> Record extracts
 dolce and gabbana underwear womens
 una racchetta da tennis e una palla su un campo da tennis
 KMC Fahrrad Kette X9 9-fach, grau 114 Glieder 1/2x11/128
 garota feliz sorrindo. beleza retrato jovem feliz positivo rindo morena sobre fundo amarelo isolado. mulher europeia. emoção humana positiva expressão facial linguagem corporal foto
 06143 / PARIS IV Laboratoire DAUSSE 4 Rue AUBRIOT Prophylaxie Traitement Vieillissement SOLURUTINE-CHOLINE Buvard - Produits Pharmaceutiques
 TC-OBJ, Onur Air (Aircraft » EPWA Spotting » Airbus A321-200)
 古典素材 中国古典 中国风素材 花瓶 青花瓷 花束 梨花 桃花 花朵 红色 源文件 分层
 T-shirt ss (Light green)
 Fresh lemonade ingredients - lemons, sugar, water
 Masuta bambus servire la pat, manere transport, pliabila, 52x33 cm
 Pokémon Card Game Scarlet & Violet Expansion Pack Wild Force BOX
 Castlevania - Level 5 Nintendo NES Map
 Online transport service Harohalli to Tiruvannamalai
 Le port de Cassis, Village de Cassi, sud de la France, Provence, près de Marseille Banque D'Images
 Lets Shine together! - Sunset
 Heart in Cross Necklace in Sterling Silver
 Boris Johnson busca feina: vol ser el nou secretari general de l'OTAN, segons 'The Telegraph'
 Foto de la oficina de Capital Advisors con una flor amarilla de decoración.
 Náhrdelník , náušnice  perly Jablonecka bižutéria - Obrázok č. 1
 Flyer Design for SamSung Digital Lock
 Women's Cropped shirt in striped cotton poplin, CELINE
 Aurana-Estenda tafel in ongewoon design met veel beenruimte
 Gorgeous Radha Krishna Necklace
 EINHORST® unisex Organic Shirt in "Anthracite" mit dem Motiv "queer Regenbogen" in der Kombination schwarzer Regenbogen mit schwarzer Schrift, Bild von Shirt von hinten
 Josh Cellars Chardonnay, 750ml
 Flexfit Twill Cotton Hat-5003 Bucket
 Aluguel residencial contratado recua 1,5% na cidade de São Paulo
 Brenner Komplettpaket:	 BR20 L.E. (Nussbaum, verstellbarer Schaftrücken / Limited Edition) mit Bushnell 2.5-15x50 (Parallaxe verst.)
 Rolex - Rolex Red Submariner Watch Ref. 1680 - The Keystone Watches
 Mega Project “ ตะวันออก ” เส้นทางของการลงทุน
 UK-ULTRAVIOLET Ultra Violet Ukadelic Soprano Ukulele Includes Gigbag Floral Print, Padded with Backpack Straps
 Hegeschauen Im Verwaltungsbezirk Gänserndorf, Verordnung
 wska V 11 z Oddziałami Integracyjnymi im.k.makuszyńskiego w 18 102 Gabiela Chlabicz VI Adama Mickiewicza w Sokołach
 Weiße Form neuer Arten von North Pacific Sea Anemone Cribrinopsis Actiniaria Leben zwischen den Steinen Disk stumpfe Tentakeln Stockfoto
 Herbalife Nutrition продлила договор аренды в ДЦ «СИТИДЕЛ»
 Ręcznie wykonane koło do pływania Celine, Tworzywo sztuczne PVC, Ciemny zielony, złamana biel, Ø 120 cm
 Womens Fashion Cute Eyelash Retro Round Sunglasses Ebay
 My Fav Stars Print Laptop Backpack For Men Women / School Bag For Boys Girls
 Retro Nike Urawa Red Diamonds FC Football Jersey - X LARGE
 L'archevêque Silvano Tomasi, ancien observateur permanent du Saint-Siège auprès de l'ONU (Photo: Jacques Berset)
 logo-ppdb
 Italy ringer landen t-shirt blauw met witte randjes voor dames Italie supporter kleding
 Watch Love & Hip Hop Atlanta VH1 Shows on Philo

> Work request
The lines above, from the start of the records through the one containing "Aluguel residencial contratado", are to be printed exactly, and nothing else is to be included.

> Answer for this exercise
 dolce and gabbana underwear womens
 una racchetta da tennis e una palla su un campo da tennis
 KMC Fahrrad Kette X9 9-fach, grau 114 Glieder 1/2x11/128
 garota feliz sorrindo. beleza retrato jovem feliz positivo rindo morena sobre fundo amarelo isolado. mulher europeia. emoção humana positiva expressão facial linguagem corporal foto
 06143 / PARIS IV Laboratoire DAUSSE 4 Rue AUBRIOT Prophylaxie Traitement Vieillissement SOLURUTINE-CHOLINE Buvard - Produits Pharmaceutiques
 TC-OBJ, Onur Air (Aircraft » EPWA Spotting » Airbus A321-200)
 古典素材 中国古典 中国风素材 花瓶 青花瓷 花束 梨花 桃花 花朵 红色 源文件 分层
 T-shirt ss (Light green)
 Fresh lemonade ingredients - lemons, sugar, water
 Masuta bambus servire la pat, manere transport, pliabila, 52x33 cm
 Pokémon Card Game Scarlet & Violet Expansion Pack Wild Force BOX
 Castlevania - Level 5 Nintendo NES Map
 Online transport service Harohalli to Tiruvannamalai
 Le port de Cassis, Village de Cassi, sud de la France, Provence, près de Marseille Banque D'Images
 Lets Shine together! - Sunset
 Heart in Cross Necklace in Sterling Silver
 Boris Johnson busca feina: vol ser el nou secretari general de l'OTAN, segons 'The Telegraph'
 Foto de la oficina de Capital Advisors con una flor amarilla de decoración.
 Náhrdelník , náušnice  perly Jablonecka bižutéria - Obrázok č. 1
 Flyer Design for SamSung Digital Lock
 Women's Cropped shirt in striped cotton poplin, CELINE
 Aurana-Estenda tafel in ongewoon design met veel beenruimte
 Gorgeous Radha Krishna Necklace
 EINHORST® unisex Organic Shirt in "Anthracite" mit dem Motiv "queer Regenbogen" in der Kombination schwarzer Regenbogen mit schwarzer Schrift, Bild von Shirt von hinten
 Josh Cellars Chardonnay, 750ml
 Flexfit Twill Cotton Hat-5003 Bucket
 Aluguel residencial contratado recua 1,5% na cidade de São Paulo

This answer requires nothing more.